I admit to being a bit of a conventional girl.  I also come from a long line of Doctor Trusters.  It took a lot for me to break with the medical profession when trying to find evidence based treatment for eating disorders some 4 years ago.  However, I am not prepared to dismiss entirely the alternative medicine sector.  Most of it is crackpot but I come from an era when physiotherapy was regarded as "alternative" and the cure for a "bad back" was to take to your bed for months, not do Pilates or Yoga.  So keeping an open mind is necessary.

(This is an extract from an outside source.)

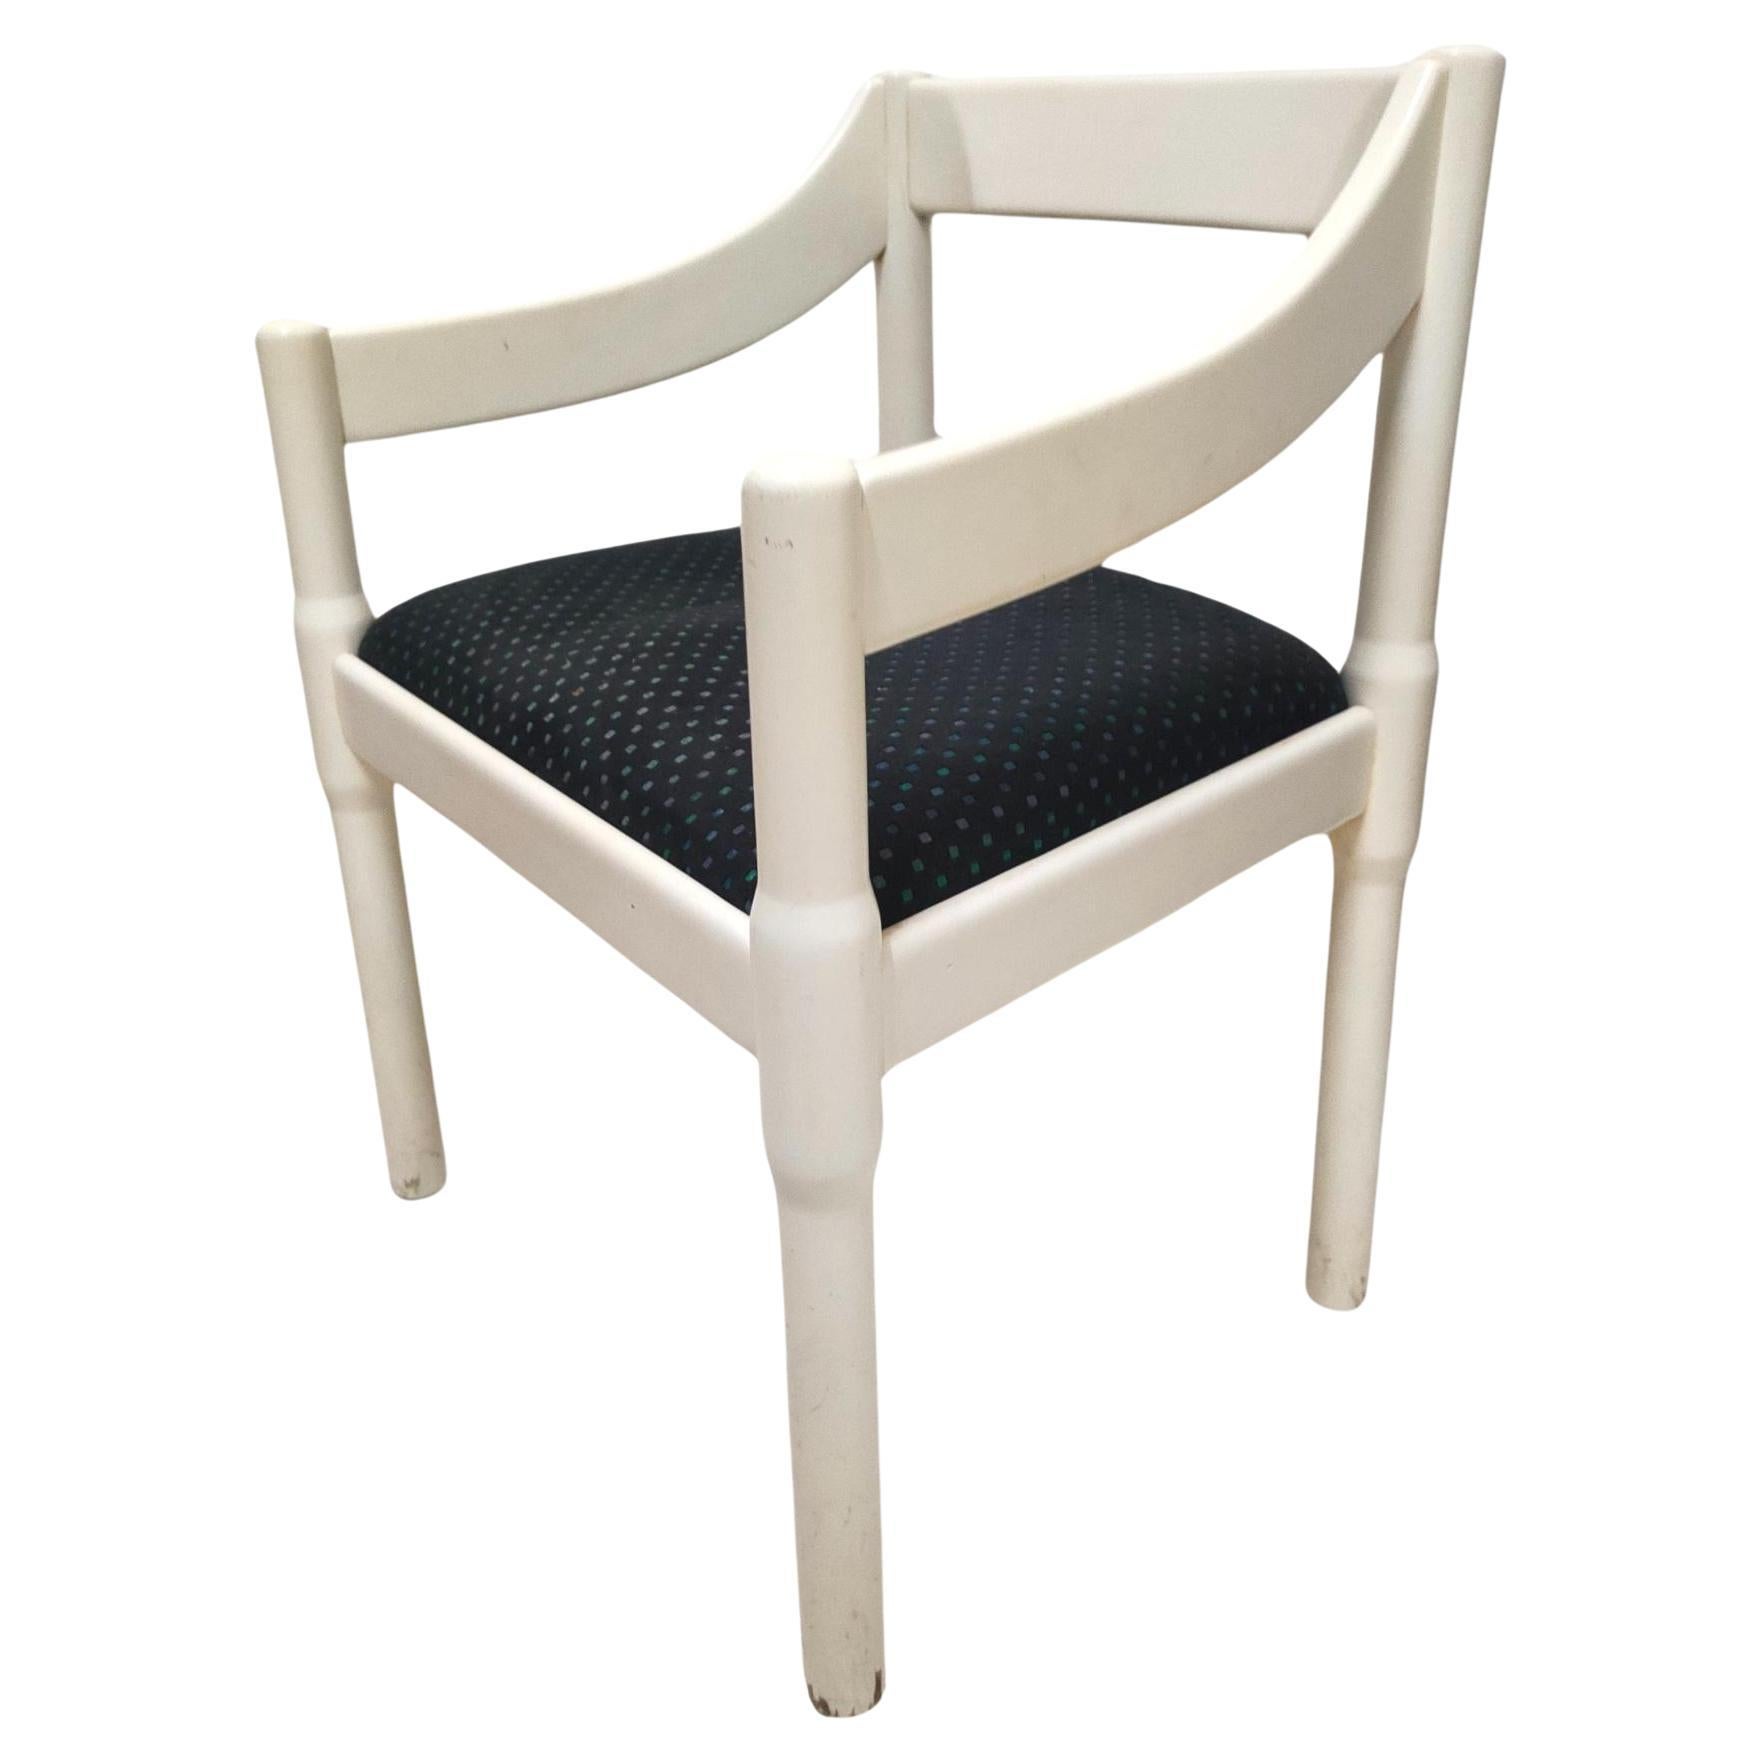 carimate chair original cassina design vico magistretti 1960s

I sat next to a lady in the Day Unit last week, who talked to me about Apricot Kernels and their efficacy in treating cancer.  I felt I should investigate and found myself in the surreal world of alternative cancer treatment.  Now, I'm all for a nice conspiracy theory.  My more regular readers will be well aware of my views on medical insurance industry pressure in the 1990's to lower the "normal" range of BMI, thus making over 60 million US citizens overweight, literally overnight, and subject to higher insurance premiums.  I am subscribe to the food industry playing us for a doozie with "diets" ready packaged and promising you untold happiness when you lose a few pounds.  The answer is to change your lifestyle, not sign up for some spurious "diet" food, via a glossy TV ad.  "Lose 8lbs in a 2 weeks with the U R A Sucker diet plan - special offer this week, only $10 a day to eat cardboard and flavour enhancers."

However, this alternative cancer treatment stuff appears to me to be about as dangerous as some of the more weird and wacky ways of treating eating disorders that are peddled out there.  (Stroke a horse every day for 5 months on our $300 a day ranch and you will be cured forever!).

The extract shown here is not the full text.